DCI.

Publié le 12 Octobre 2014

Ce qu’il me faudrait, à présent, c’est regarder Rouen avec des yeux comme neufs. Échapper à la ville conventionnelle, celle que je raconte et que je hante au jour le jour. Oui, j’aimerais retrouver cette ville que je vais bientôt quitter. La retrouver en la découvrant. Me dire : je ne connaissais pas cette façade, ce magasin, cette encoignure. Les avais-je oubliés ? Sont-elles là depuis hier ? Quelle est cette ville ?

Impossible, n’est-ce pas. Ces volets là-haut, cet arrangement de fenêtres à l’étage, je les connais trop. Depuis des lustres. Cet unique horizon, ce coin de ciel, cet angle de ville. Aller devant soi, prendre n’importe quelle direction, se laisser conduire par les lieux. Découvrir la rue Ganterie, la rue Rollon, la rue Cauchoise. Avoir l’air d’un Chinois qui déambule, appareil photo et ombrelle en bandoulière.

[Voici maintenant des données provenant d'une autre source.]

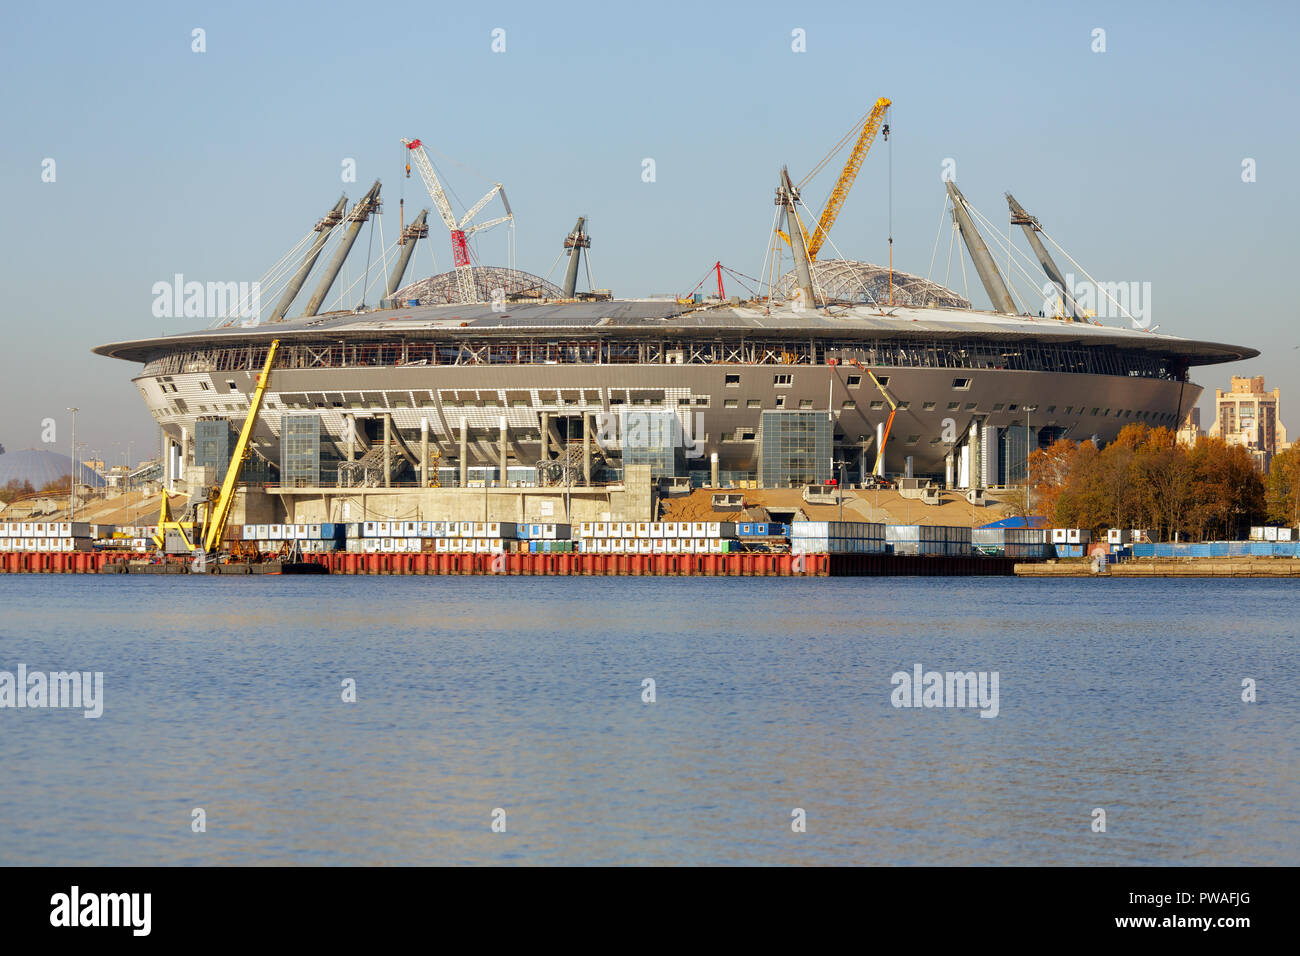 SAINT PETERSBURG, RUSSIA - OCTOBER 13, 2015: Building stadium of local football team Zenit is called Zenith Arena, stadium currently under constructio Stock Photo

Les Chinois longent-ils la rue Orbe ? S’ils le faisaient, ils verraient dans sa première partie (celle qui n’est que Bourg l’Abbé) que les travaux ont repris autour de la Chapelle du Lycée. Ces dernières semaines, les marteaux-piqueurs se sont attaqués à l’escalier. Le voilà bas. On suppose qu’on va nous faire un joli perron ou quelque chose d’approchant. Dame, il faut que les mélomanes en fauteuils roulants auditionnent.

Ce qui se passe ici, je m’en fiche. Je n’y mettrai pas les pieds. Mon chinois non plus. J’ai, ce samedi, remonté la rue des Minimes. Que de souvenirs ici, dans une certaine maison. La rue Caron existe toujours, son impasse aussi. Et que dire de la rue de la Roche ! Mon Chinois n’en revenait pas. C’est comme le vieux Pékin répétait-il. Les Chinois exagèrent toujours. Certes ce quartier a son charme, mais nous sommes loin de la rue du Mandarin merveilleux.

Si telle, l’œuvre du Hongrois Bela Bartók (1881-1945) sera-t-elle donnée (terme impropre) à notre futur auditorium ? Possible, encore que le compositeur soit, depuis quelques années, en sérieuse perte de vitesse. On préfère plus simple. Moins compliqué. Qu’y entendra-t-on, après les marteaux-piqueurs ? Trop tôt pour le dire. Et cela, au vrai, m’importe peu. Comme je ne reverrai plus le vieux Rouen à la sauce pékinoise, je n’entendrai plus les Danses hongroises (lesquelles sont de Johannes Brahms) à la salle Sainte-Croix des Pelletiers. Les temps changent, Pépé !

Si l’injonction vaut pour tous, elle ne console pas. Surtout, elle se heurte à la raison du plus jeune. Ou du plus vieux. Donc, on annule le concert. Arrivés avenue Porte des Champs, mon Chinois et moi, avons rejoint la rue du Clos des Marqueurs. Il a fallu que j’explique. J’y ai connu, il y a longtemps, un vieil érudit, amateur de gravures et expert en connaissance des faïences Vieux Rouen. Sachant tout sur tout, il était intarissable. Passant devant sa porte (qu’est devenue la cuisine où il faisait bon se chauffer ?) j’ai ressenti l’imposture qu’il y avait à faire le savant. A chacun son tour.

Tout ce qui se perd, tout ce qui se gagne ? Ce qu’on espère sauver entre les deux ? Ce sera tout pour aujourd’hui.